### Exercise description
The records sit below. Return every line in them that holds the word "Küche".

Data records:
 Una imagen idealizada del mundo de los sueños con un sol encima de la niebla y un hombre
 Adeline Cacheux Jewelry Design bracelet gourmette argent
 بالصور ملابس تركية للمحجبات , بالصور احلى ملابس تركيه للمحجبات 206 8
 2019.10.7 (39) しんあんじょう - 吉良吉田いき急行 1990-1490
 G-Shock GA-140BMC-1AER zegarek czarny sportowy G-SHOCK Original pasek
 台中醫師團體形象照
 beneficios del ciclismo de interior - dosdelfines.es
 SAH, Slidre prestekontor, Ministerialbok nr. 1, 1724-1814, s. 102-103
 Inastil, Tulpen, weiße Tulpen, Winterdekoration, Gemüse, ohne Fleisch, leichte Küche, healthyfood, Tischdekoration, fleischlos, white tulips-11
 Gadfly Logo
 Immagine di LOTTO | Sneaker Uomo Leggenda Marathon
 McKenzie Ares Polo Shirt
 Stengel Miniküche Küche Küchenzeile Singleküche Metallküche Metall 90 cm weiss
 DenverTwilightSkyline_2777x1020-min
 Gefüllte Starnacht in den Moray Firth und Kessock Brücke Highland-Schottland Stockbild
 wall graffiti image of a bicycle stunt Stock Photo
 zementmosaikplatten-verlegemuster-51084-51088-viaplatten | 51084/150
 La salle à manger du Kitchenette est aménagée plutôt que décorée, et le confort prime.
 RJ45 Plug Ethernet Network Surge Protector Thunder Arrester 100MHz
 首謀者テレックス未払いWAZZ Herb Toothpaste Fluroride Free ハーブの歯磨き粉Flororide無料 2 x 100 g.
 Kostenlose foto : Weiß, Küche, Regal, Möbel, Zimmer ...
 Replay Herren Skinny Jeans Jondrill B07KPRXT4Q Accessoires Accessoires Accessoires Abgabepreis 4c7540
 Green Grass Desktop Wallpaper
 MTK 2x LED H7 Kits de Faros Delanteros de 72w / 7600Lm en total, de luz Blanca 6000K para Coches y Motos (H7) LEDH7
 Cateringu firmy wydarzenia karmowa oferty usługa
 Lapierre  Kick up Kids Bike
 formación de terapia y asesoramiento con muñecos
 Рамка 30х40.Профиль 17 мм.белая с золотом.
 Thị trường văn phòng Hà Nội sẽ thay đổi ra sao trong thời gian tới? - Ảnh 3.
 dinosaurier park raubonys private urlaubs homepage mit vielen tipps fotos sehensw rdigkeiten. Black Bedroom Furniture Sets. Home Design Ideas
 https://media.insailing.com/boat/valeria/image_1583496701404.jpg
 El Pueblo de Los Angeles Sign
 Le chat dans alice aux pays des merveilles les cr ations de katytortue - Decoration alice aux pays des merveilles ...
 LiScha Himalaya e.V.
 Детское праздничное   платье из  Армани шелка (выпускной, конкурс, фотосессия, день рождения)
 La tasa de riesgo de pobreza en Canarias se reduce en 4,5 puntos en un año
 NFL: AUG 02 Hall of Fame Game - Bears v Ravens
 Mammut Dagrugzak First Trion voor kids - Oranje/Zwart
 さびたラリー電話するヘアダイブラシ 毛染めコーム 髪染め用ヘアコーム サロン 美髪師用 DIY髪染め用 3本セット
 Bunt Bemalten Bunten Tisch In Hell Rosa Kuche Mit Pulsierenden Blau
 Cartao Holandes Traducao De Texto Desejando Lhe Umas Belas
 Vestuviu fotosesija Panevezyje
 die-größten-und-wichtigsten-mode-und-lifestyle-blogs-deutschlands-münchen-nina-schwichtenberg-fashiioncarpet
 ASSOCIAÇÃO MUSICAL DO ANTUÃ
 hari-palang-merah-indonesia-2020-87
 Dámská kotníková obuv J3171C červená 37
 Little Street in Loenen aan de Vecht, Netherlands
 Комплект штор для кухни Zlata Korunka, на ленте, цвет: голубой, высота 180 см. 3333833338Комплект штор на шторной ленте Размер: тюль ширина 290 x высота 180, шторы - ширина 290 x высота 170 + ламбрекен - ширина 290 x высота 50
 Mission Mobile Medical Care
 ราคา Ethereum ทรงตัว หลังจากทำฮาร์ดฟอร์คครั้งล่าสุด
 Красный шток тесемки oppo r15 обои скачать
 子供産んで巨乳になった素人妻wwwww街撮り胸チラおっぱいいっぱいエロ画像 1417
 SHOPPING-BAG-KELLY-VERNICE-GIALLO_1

### Answer section
 Inastil, Tulpen, weiße Tulpen, Winterdekoration, Gemüse, ohne Fleisch, leichte Küche, healthyfood, Tischdekoration, fleischlos, white tulips-11
 Stengel Miniküche Küche Küchenzeile Singleküche Metallküche Metall 90 cm weiss
 Kostenlose foto : Weiß, Küche, Regal, Möbel, Zimmer ...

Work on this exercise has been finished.